Parasite will be a blind buy for me...but I've seen MOST of the director's previous movies, so I'm expecting something good. I won't lie, though, the hype concerns me.
Was not a fan of Dark Fate, but I have to complete my collection so will eventually pick it up on 4K, but will be when the price drops down to 10 or less. Nothing else releasing I have any interest in. Parasite will be a PPV as I always find these heavily touted movies to not be "all that" when I eventually see them.
Did Josh Katz just give a halfway decent review of the abomination that is Terminator Dark Fate, and then go on to completely destroy Motherless Brooklyn??!!

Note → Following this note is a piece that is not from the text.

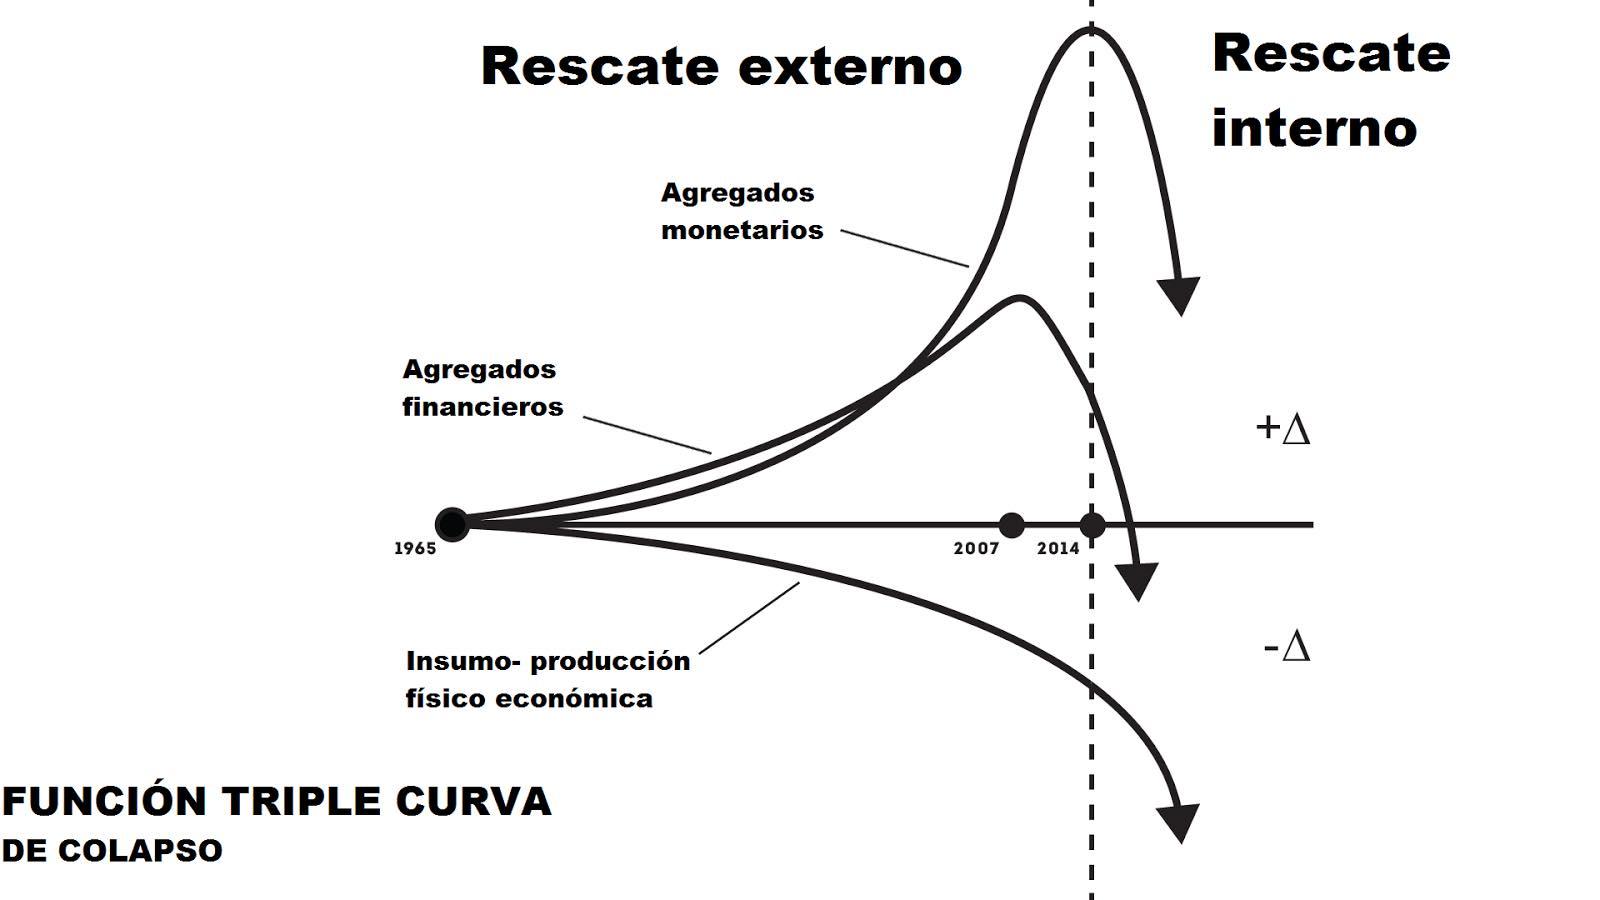 triple curva de colapso

Motherless Brooklyn is easily the better film of the two! He didn't even mention the great Daniel Pemberton/Thom Yorke score or the fantastic production design.

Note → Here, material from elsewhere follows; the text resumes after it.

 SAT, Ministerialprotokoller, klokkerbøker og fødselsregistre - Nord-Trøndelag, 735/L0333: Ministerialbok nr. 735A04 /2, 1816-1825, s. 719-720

I've wanted to see Parasite since it debuted at the Telluride Film Festival. I don't even care about paying full price for it. It will be here tomorrow, and I'm excited beyond description. My only experience with Bong Joon-ho's work as a director came from Snowpiercer, which I thought was fantastic. Since I'm making a concerted effort to expose myself to more contemporary foreign film, this was a must have. I'm also pumped that Fail-Safe is finally getting a long overdue blu-ray release. A century from now, when all that are now living are dead and buried (save for Keith Richards, who will never die) Sidney Lumet will rightfully be looked upon as one of the Twentieth Century's great directors. Fail-Safe is on the same level, for me, as Seven Days in May, and the Manchurian Candidate. All are eerily relevant today. It may not be as well known as some of his works-Network, Dog Day Afternoon, The Verdict, 12 Angry Men-but it's on their level. I'll grab Bell, Book and Candle, also, when it comes down in price a bit.

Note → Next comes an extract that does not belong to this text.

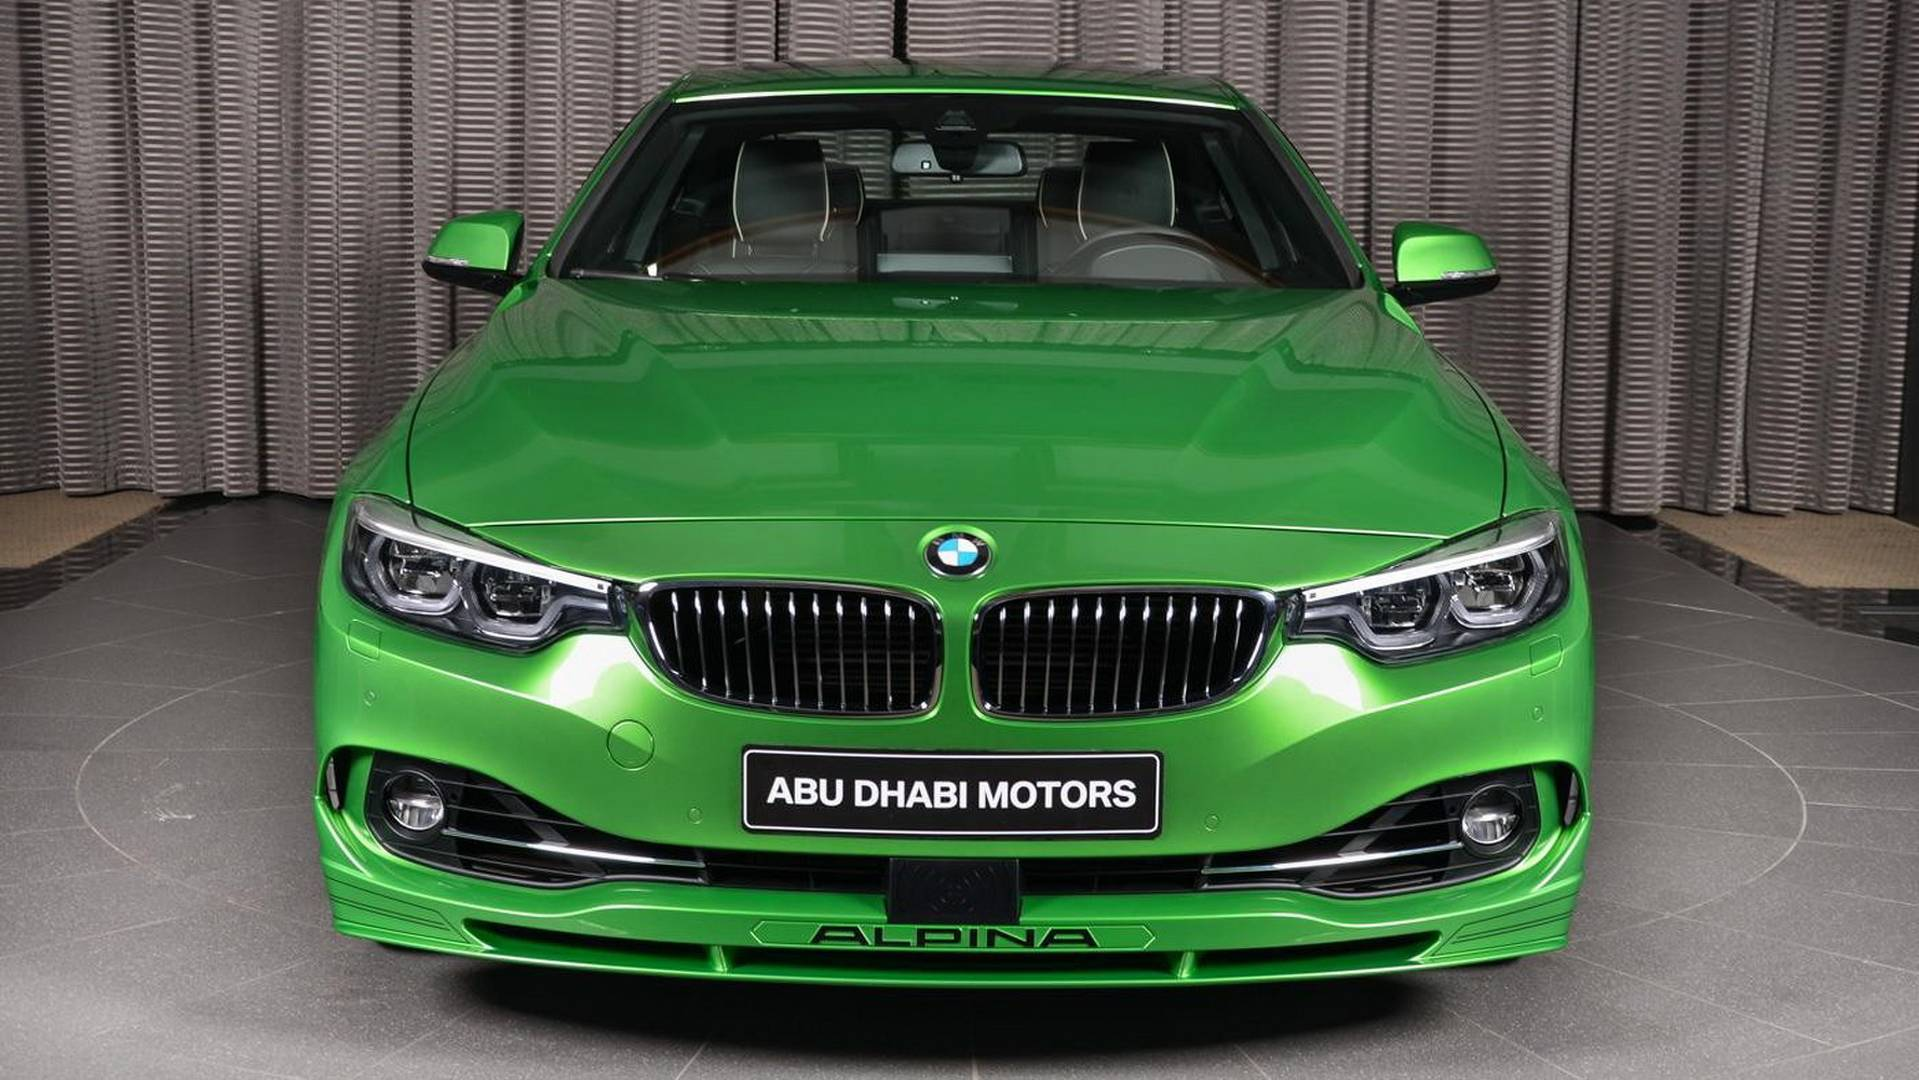 BMW Alpina B S Rallye Green Is Exclusivity At Its Finest - Alpina motors

Already got my copies of Parasite and Set 5 of JoJo in the mail. I'll be getting the SteelBook for Terminator on Thursday, and I might pick up that re-issue of the Kite Runner because I haven't bought it previously.
Tried to watch Dark Fate. Didn't get past the first 30 minutes, just couldn't take it anymore. I'm a huge terminator fan (yeah, even 3), and that's the problem.
Pre-ordered "Dark Fate" last week, picked it up yesterday. HUUUUGE "Terminator" fan who was completely on board with the change of direction and unexpected opening. I'd love to be able to say "Bring on more", but I know there won't be anything beyond this. If nothing else, I consider it to be a wonderful goodbye to the T800, in what might be Arnold's finest, most-nuanced performance as the character.
I watched Tammy in 4K on Shudder. In my opinion, spend the $6 or free trial for that instead of buying the 4K unless you already know you're a fan. It's an... interesting film.
I'll wait on the inevitable announcement of the Parasite 4K, and as with others, I'll wait until Black Friday pricing on Dark Fate.